Geography
- Location: 1199 Prince Avenue, Athens, Georgia, United States

Organization
- Type: Hospital
- Affiliated university: AU-UGA Medical Partnership

Services
- Emergency department: Level II Trauma Center
- Beds: 427

History
- Founded: 1919

Links
- Website: https://www.piedmont.org/locations/piedmont-athens
- Lists: Hospitals in Georgia

= Piedmont Athens Regional =

Piedmont Athens Regional Medical Center (formerly known as Athens Regional Medical Center) is a hospital in Athens, Georgia. The hospital has 427 beds, a trauma center, and a neonatal intensive care unit. The hospital was founded in 1919 and became part of the Piedmont Healthcare system in 2016. As of 2025, the hospital had a gross patient revenue of $3.8 billion.
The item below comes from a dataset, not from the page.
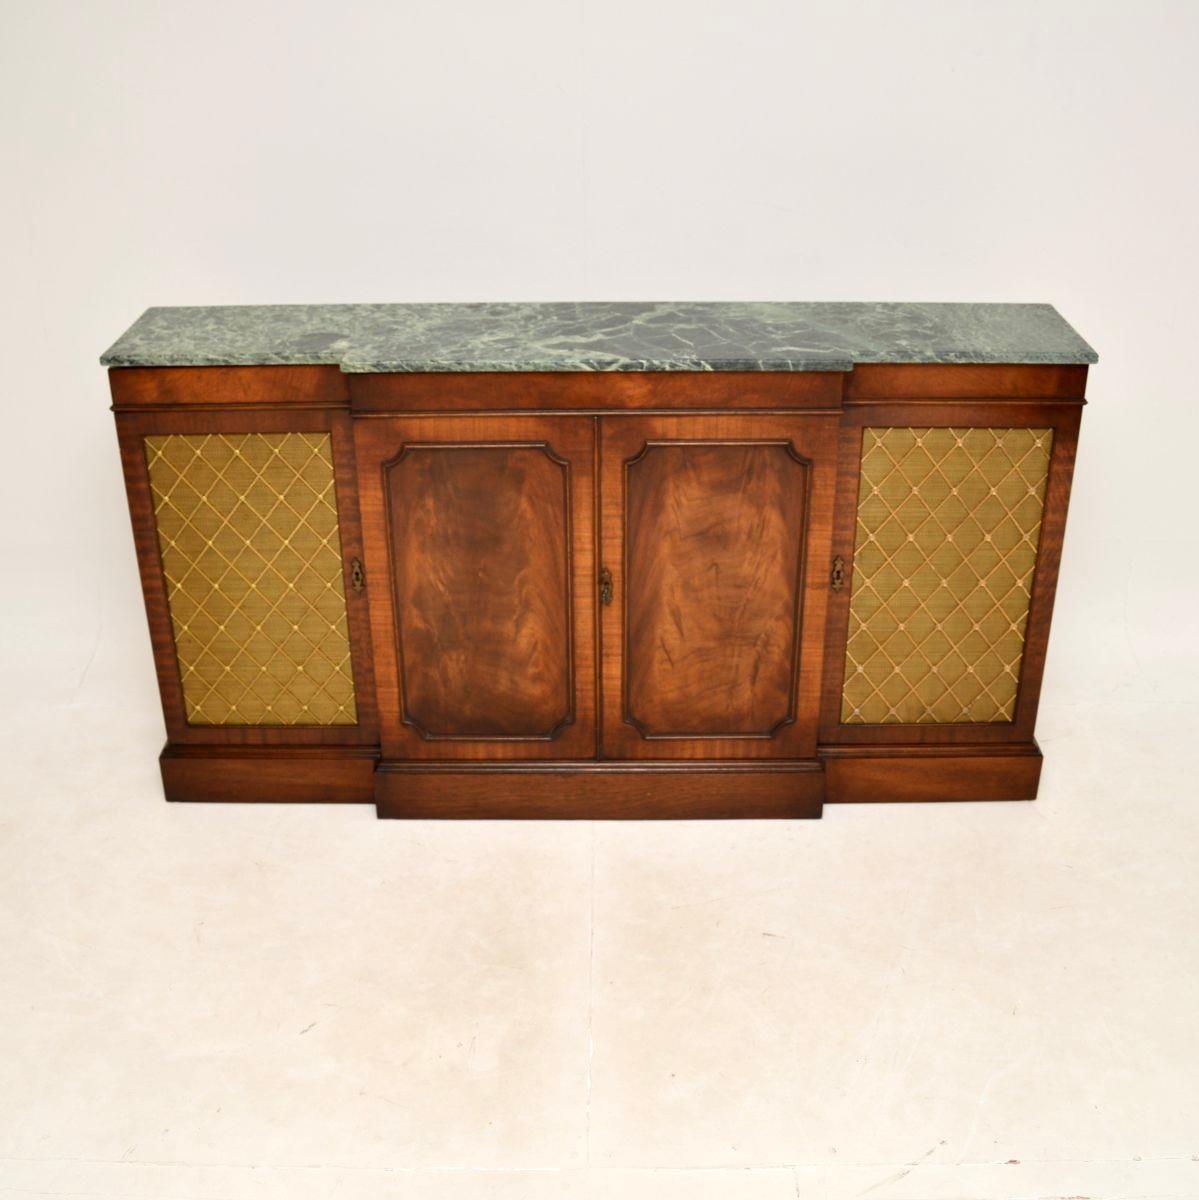 An impressive and very well made antique marble top grill front sideboard in the classic Georgian style. This was made in England, it dates from around the 1930’s.

The quality is outstanding, this is beautifully designed and is a very useful piece

In 2015, the president and CEO of the hospital resigned after medical personnel voted 270-0 to having “no confidence” in the hospital’s administration. The hospital has drawn controversy for alleged retaliation and union busting against maintenance employees who voted in August 2024 to unionize with the International Union of Operating Engineers. The IUOE has filed unfair labor practice charges against the hospital with the National Labor Relations Board.

According to U.S. News & World Report the hospital tied for the #7th best in Georgia and is high performing in 15 Procedures/Conditions.